Contours of the scheme

The credit-linked subsidy scheme for middle-income group, effective January 1, 2017 referred to as CLSS-MIG, covers two income segments — ₹6,00,001 to ₹12 lakh (MIG-I) and ₹12,00,001 to ₹18 lakh (MIG-II) per annum.

MIG-I is offered an interest subsidy of 4 per cent for loans up to ₹9 lakh and MIG-II an interest subsidy of 3 per cent for loans up to of ₹12 lakh.

The interest subsidy is calculated at 9 per cent NPV (net present value) over 20 years or the actual tenure, whichever is lower. The subsidy works out to a maximum of ₹2.3-2.35 lakh per beneficiary.

Based on the loan disbursed by primary lending institutions (PLIs) to MIG beneficiaries, Housing and Urban Development Corporation (Hudco) and National Housing Bank (NHB), identified as central nodal agencies (CNAs) release the subsidy amount to PLIs.

Subsidy is credited by the PLI to the borrower’s account upfront by deducting it from the principal loan amount of the borrower. The borrower pays EMI on the remainder of the principal loan amount.

There had been several weak links to the scheme when it was initially launched.

Ironing out issues

One, it was first made available only for a period of one year. This implied that the property (if under construction) had to be completed in one year.

Given that inventory of houses in the affordable segment are relatively scarce, most borrowers availing loans for under constructed houses would have ended up coughing the entire interest amount, if construction was not completed within the stipulated one year window.

This drawback was addressed by extending the scheme to March 2019.

The other key limitation was the eligible carpet area. The specified dwelling area was proving to be a challenge to draw home buyers within this segment. The increase in carpet area will offer more choice for buyers in the middle-income group.

“The affordable housing segment and in turn the housing finance companies will stand to benefit as the supply of houses in this category go up. Those borrowers who were unable to make the cut — not meeting the dwelling area criteria — will now be able to avail the benefit under the scheme. The increase in demand will also bring down the cost of property in this segment, “ explains Sudhin Choksey, Managing Director, Gruh Finance.

Gruh Finance’s strong disbursement of loans in the first half of FY18 is indicative of the growing traction in the affordable housing space. The company delivered a 29 per cent YoY growth in overall loan disbursements as of September 2017.

“It needs to be seen how the recent increase in carpet area impacts actual disbursements,” adds Choksey.

Market leader, Housing Development Finance Corporation's September quarter results too indicated increased activity in the affordable housing segment.

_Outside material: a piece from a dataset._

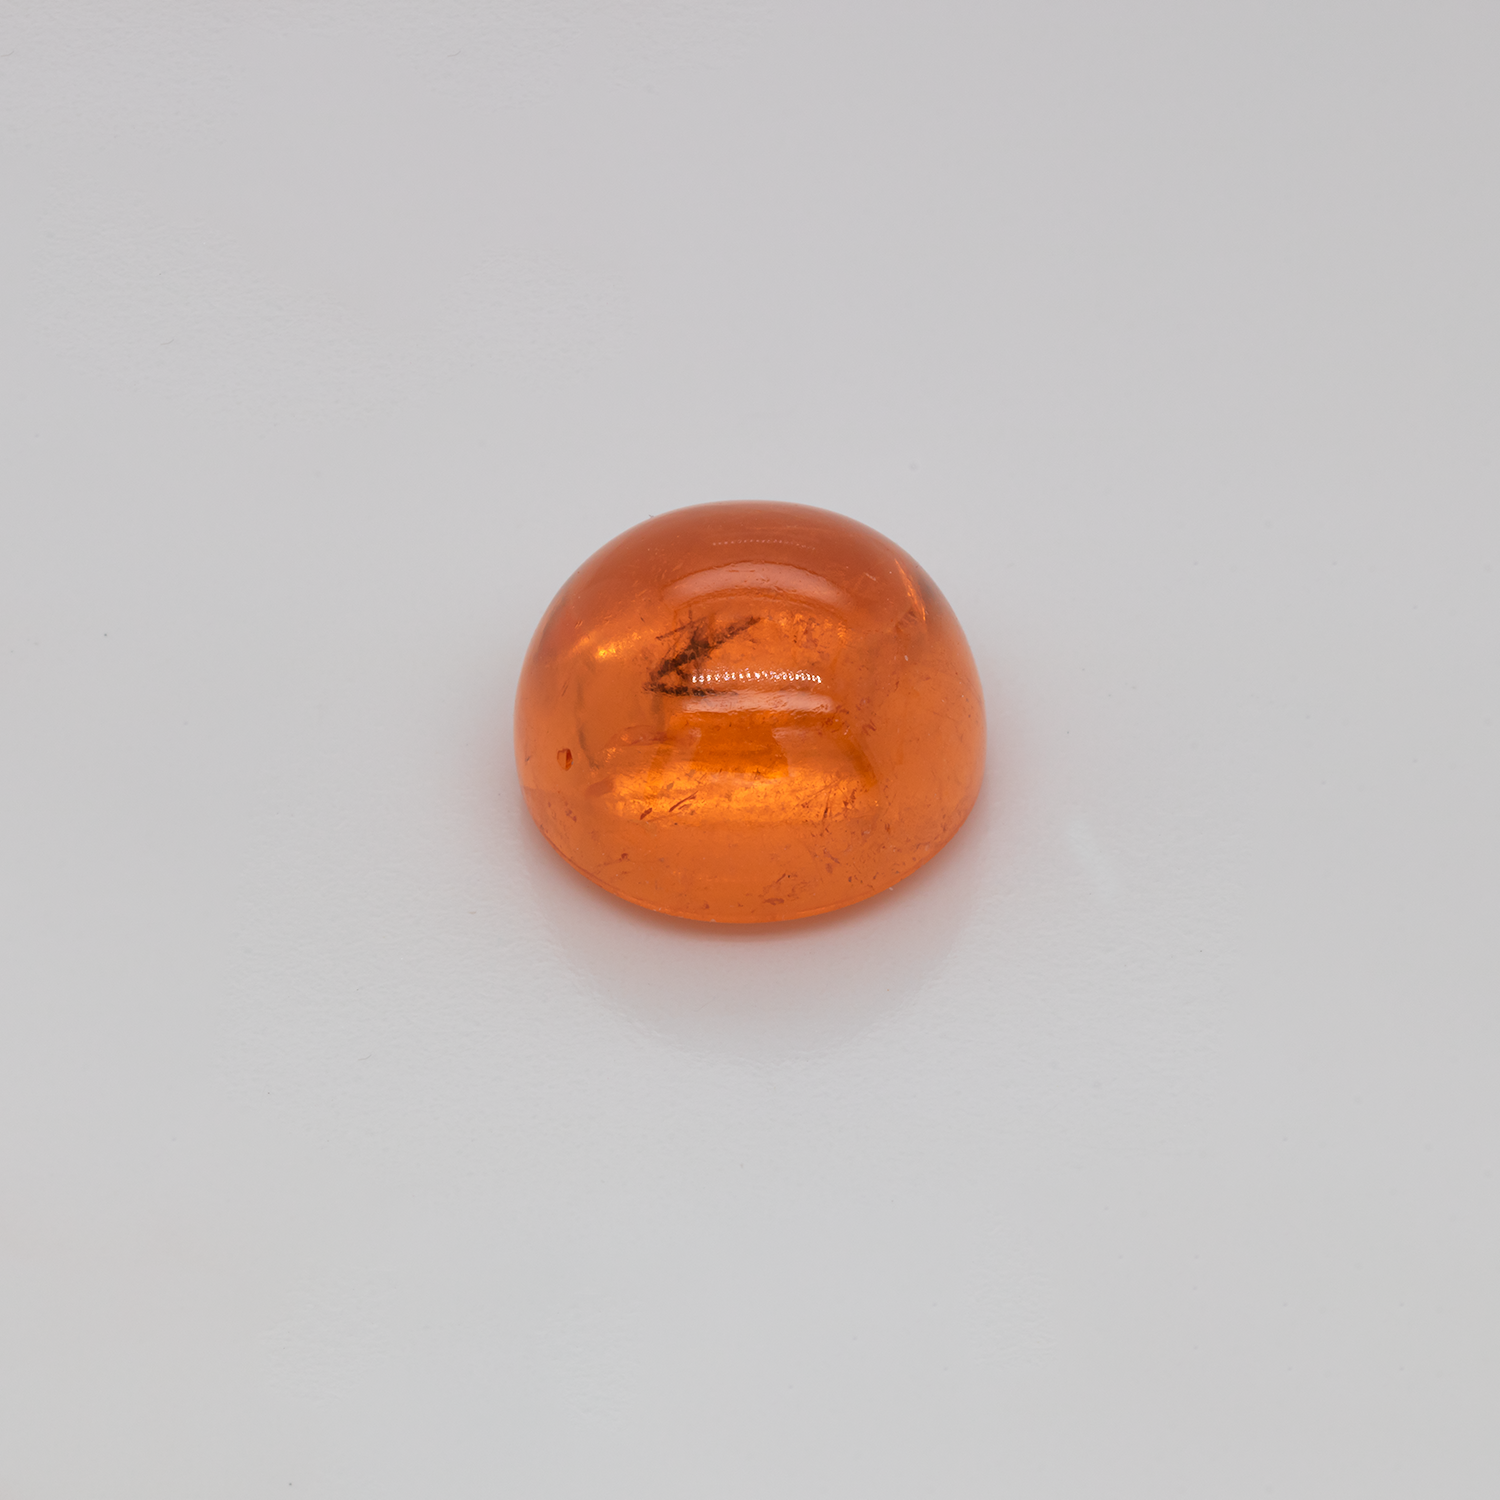 Mandarin Garnet - orange, round, 13x13 mm, 16.23 cts, No. MG99056

For the first time in many years, the company’s average loan ticket size fell notably, indicating to some extent that the Centre’s various initiatives for the affordable housing segment, are taking off.

For Gruh Finance however that has an average loan ticket size (on outstanding loans) of around Rs 6.5 lakh, the focus is more on Centre’s earlier scheme for economically weaker sections (EWS) and low-income groups (LIGs). This covers urban poor with an annual income of upto to ₹3 lakh (EWS) and ₹6 lakh (LIG).

Gruh has covered 7,800 households under the EWS and LIG category in 2016. During the nine months ended calendar year 2017, the housing finance company has 12,000 households availing loans under EWS and LIG category.

At an overall industry level, based on latest figures available (few months back) CLSS for EWS and LIG covered about 22,500 beneficiaries.